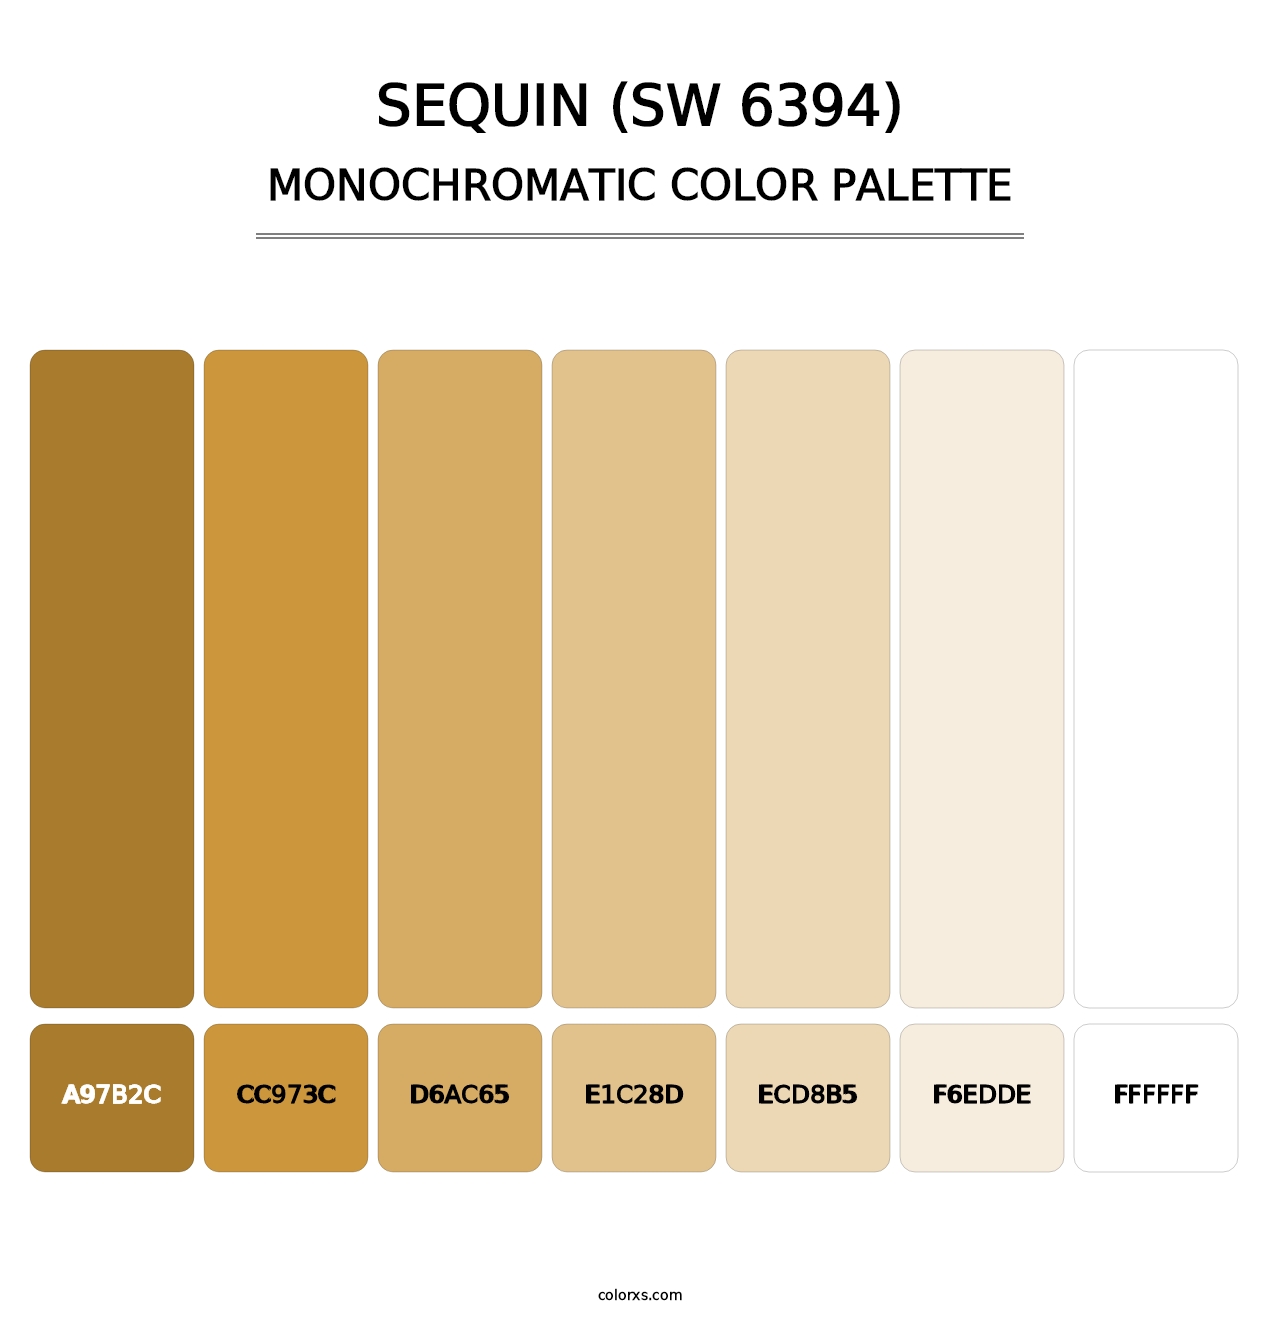 Sequin (SW 6394) - Monochromatic Color Palette
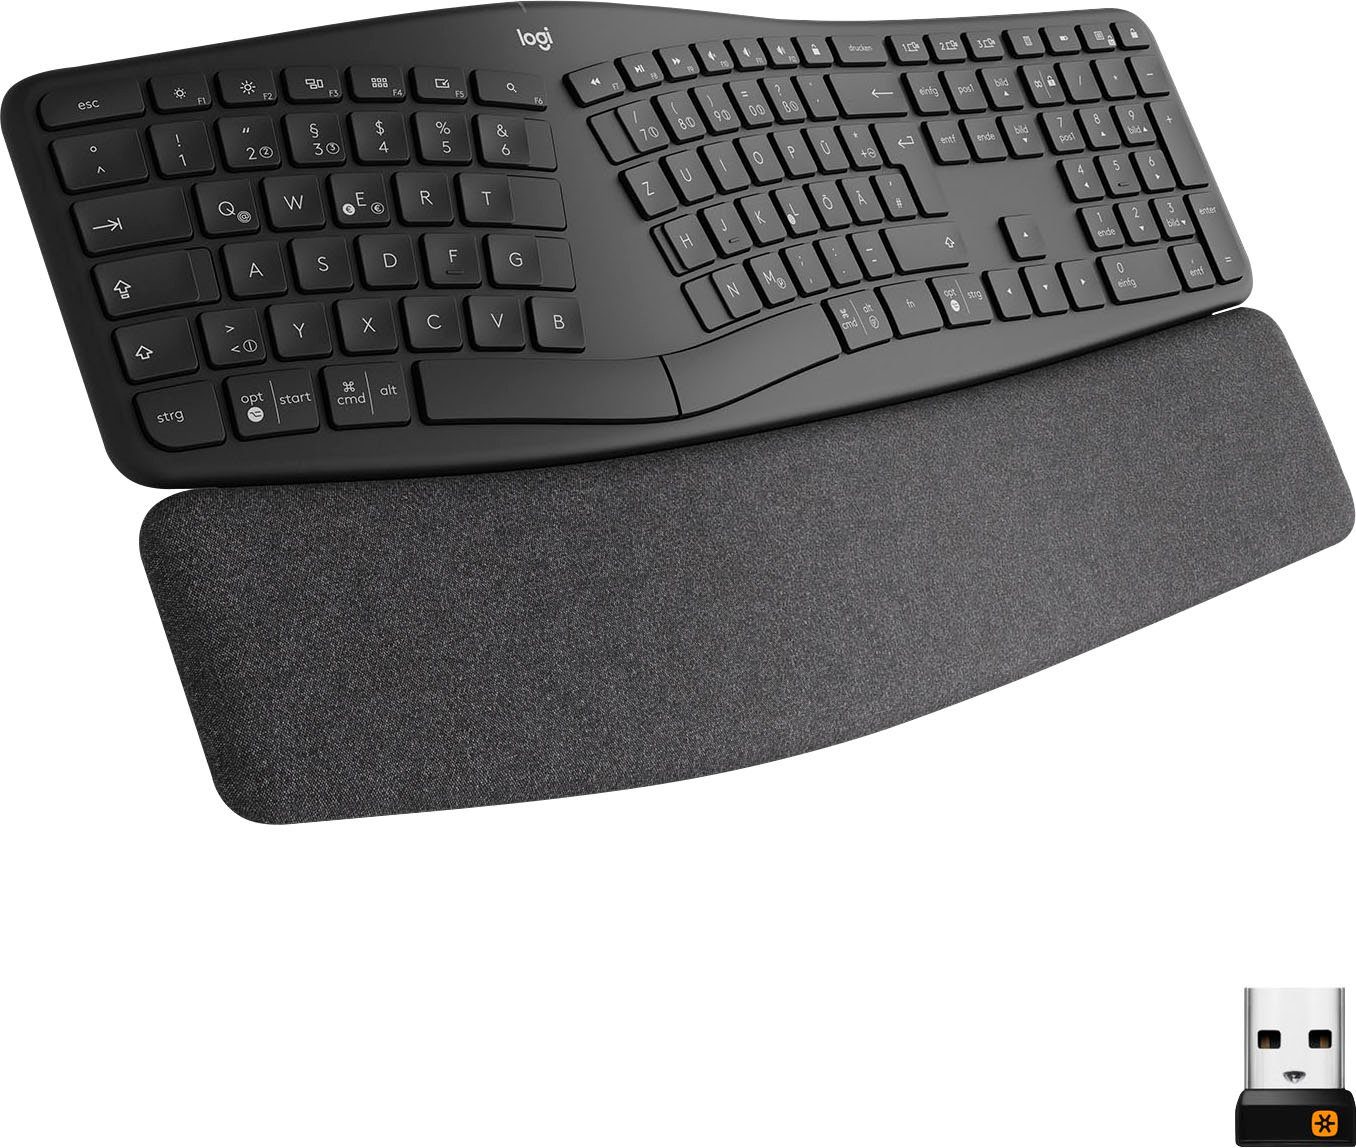 billig produzieren Logitech ERGO K860 ergonomische Tastatur
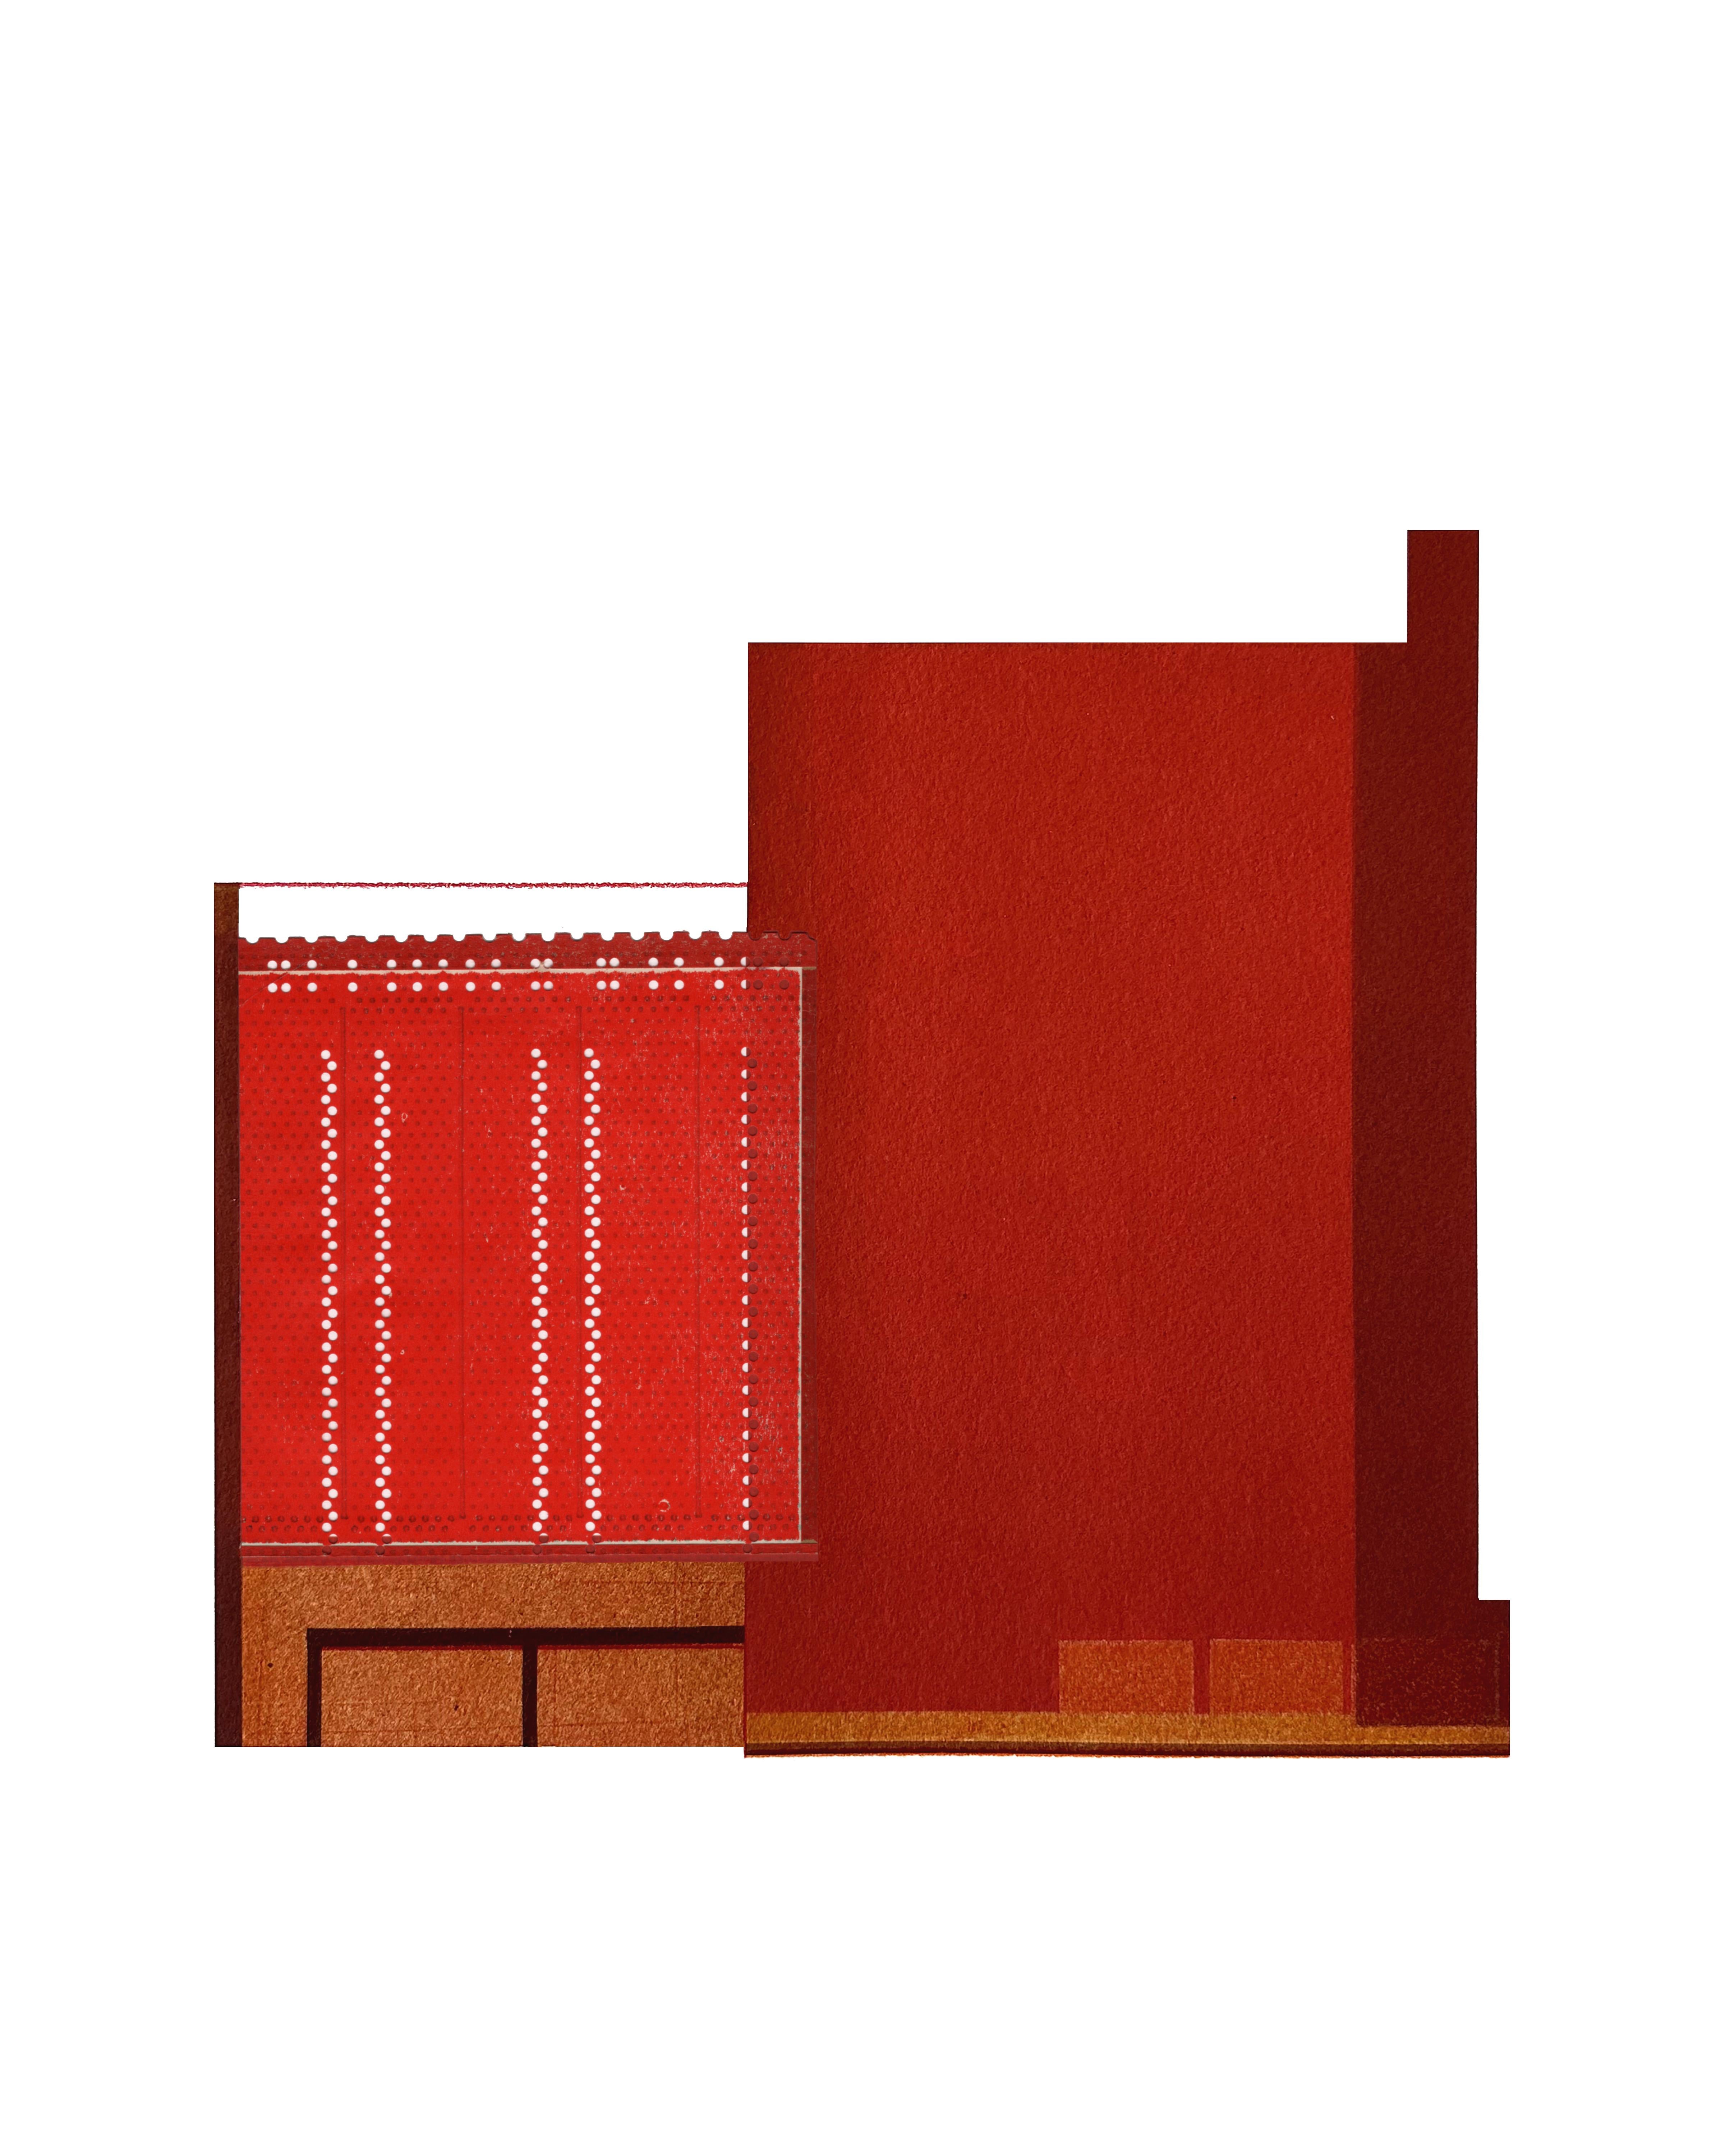 Abstract Drawing Agathe Bouton - Factory XIV : collage architectural urbain moderniste sur monoimpression en rouge, non encadré

---------------

## What you should do:
Give back exactly the lines from the line with "billig produzieren Logitech" through the end of the material above, inclusive, with no pictures.

## Solution to this problem:
 billig produzieren Logitech ERGO K860 ergonomische Tastatur
 Abstract Drawing Agathe Bouton - Factory XIV : collage architectural urbain moderniste sur monoimpression en rouge, non encadré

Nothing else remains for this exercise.